## Remainder theorem

The remainder of dividing a polynomial $$p(x)$$ by another one of the form $$x-a$$, coincides with the value of $$p(a)$$.

Notice that this kind of division satisfies the hypotheses of the Ruffini's rule.

Calculate the remainder of the division $$\dfrac{p(x)}{q(x)}$$, where $$p(x)=x^4+3x^2-x+4$$ and $$q(x)=x+2$$.

We apply the remainder theorem. Notice that, in this case $$a=-2$$. $$$p(-2)=(-2)^4+3\cdot(-2)^2-(-2)+4=16+3\cdot4+2+4=34$$$

To verify it we use Ruffini:

$$1$$ | $$0$$ | $$3$$ | $$-1$$ | $$4$$ | |

$$-2$$ | $$-2$$ | $$4$$ | $$-14$$ | $$30$$ | |

$$1$$ | $$-2$$ | $$7$$ | $$-15$$ | $$34$$ |

And, it is the same as the previous solution.

Calculate the remainder of the division $$\dfrac{p(x)}{q(x)}$$, where $$p(x)=x^5-2x^2+x+3$$ and $$q(x)=x+1$$.

We apply the remainder theorem.
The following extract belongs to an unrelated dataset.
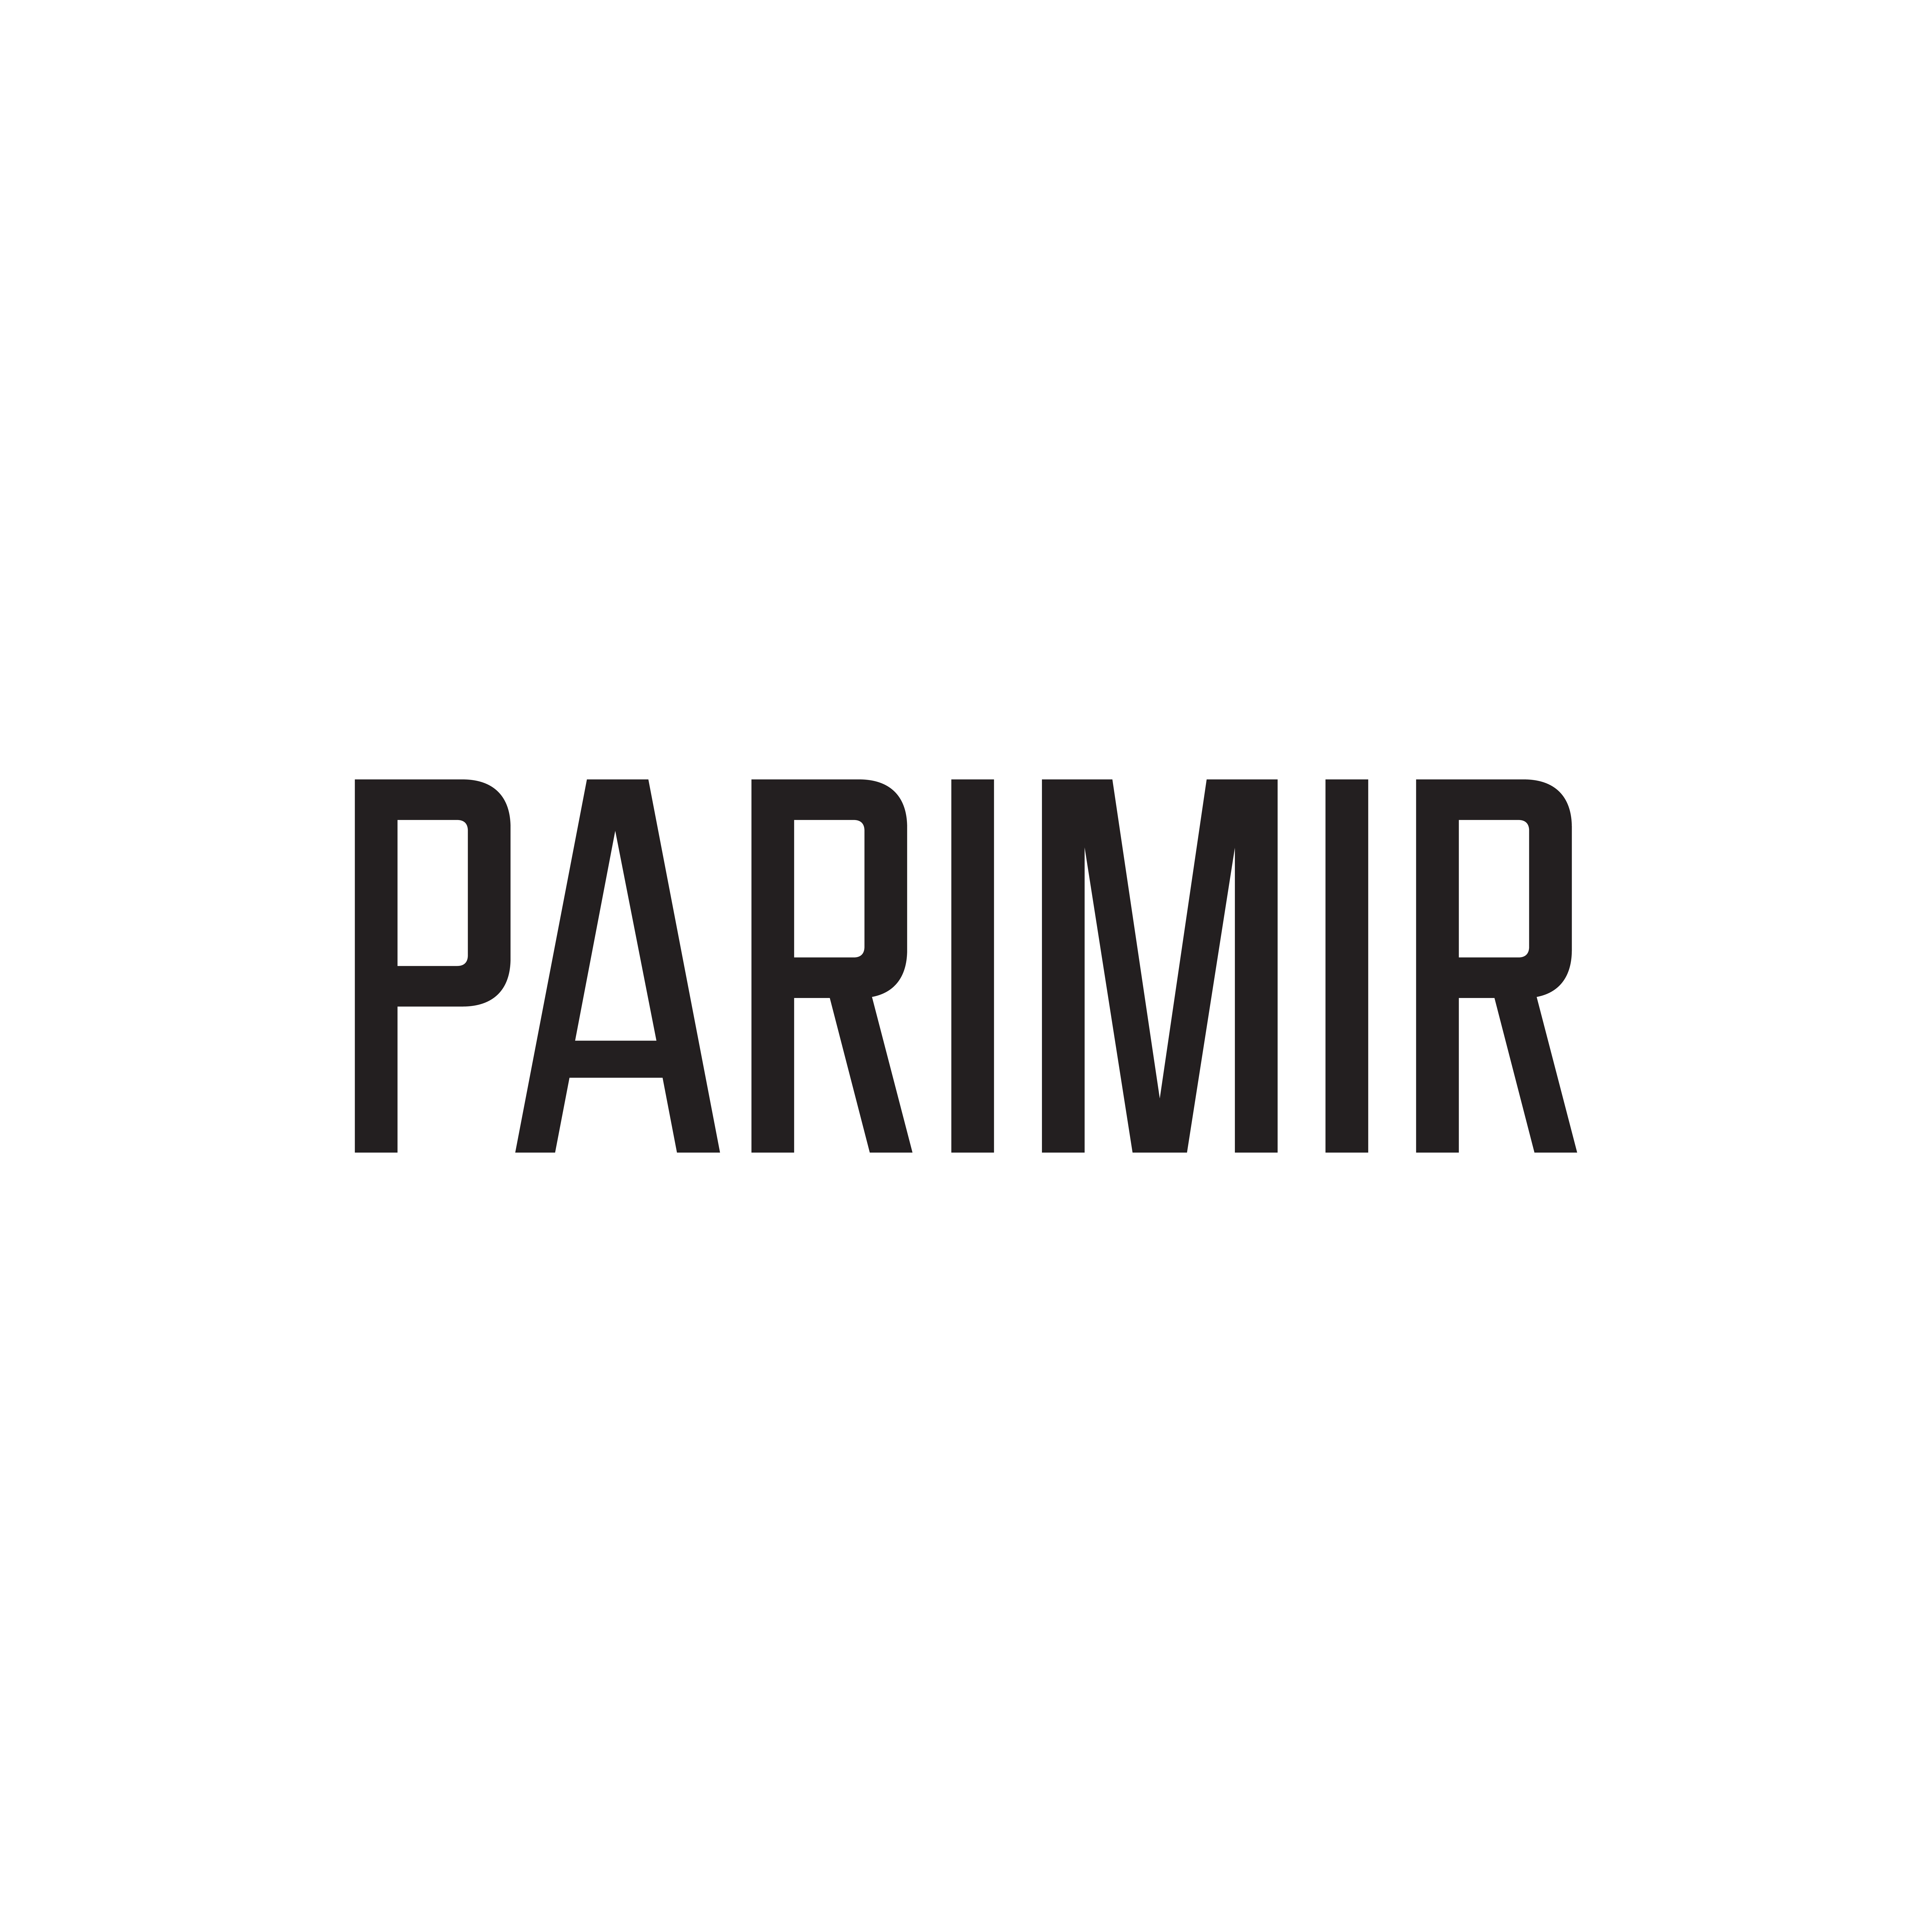 Parimir

Notice that, in this case $$a=-1$$. $$$p(-1)=(-1)^5-2\cdot(-1)^2+(-1)+3=-1-2-1+3=-1$$$

To verify it we use Ruffini:

$$1$$ | $$0$$ | $$0$$ | $$-2$$ | $$1$$ | $$3$$ | |

$$-1$$ | $$-1$$ | $$1$$ | $$-1$$ | $$3$$ | $$-4$$ | |

$$1$$ | $$-1$$ | $$1$$ | $$-3$$ | $$4$$ | $$-1$$ |

And it is the same than the previous solution.

## Factor theorem

Its statement is the following one:

A polynomial $$p(x)$$ is divisible by another of the form $$x-a$$ if, and only if, $$p(a)=0$$. In this case, we will say that $$a$$ is a root or zero of the polynomial $$p(x)$$.

Calculate the remainder of the division $$\dfrac{p(x)}{q(x)}$$, where $$p(x)=x^5+2x^4-3x^3+x^2-1$$ and $$q(x)=x-1$$.

We apply the remainder theorem $$$p(1)=1^5+2\cdot1^4-3\cdot1^3+1^2-1=0$$$

We verify the result using Ruffini:

$$1$$ | $$2$$ | $$-3$$ | $$1$$ | $$0$$ | $$-1$$ | |

$$1$$ | $$1$$ | $$3$$ | $$0$$ | $$1$$ | $$2$$ | |

$$1$$ | $$3$$ | $$0$$ | $$1$$ | $$1$$ | $$0$$ |

Indeed, the remainder is $$0$$. And so, according to the factor theorem, the division of $$p(x)$$ by $$q(x)$$ is exact.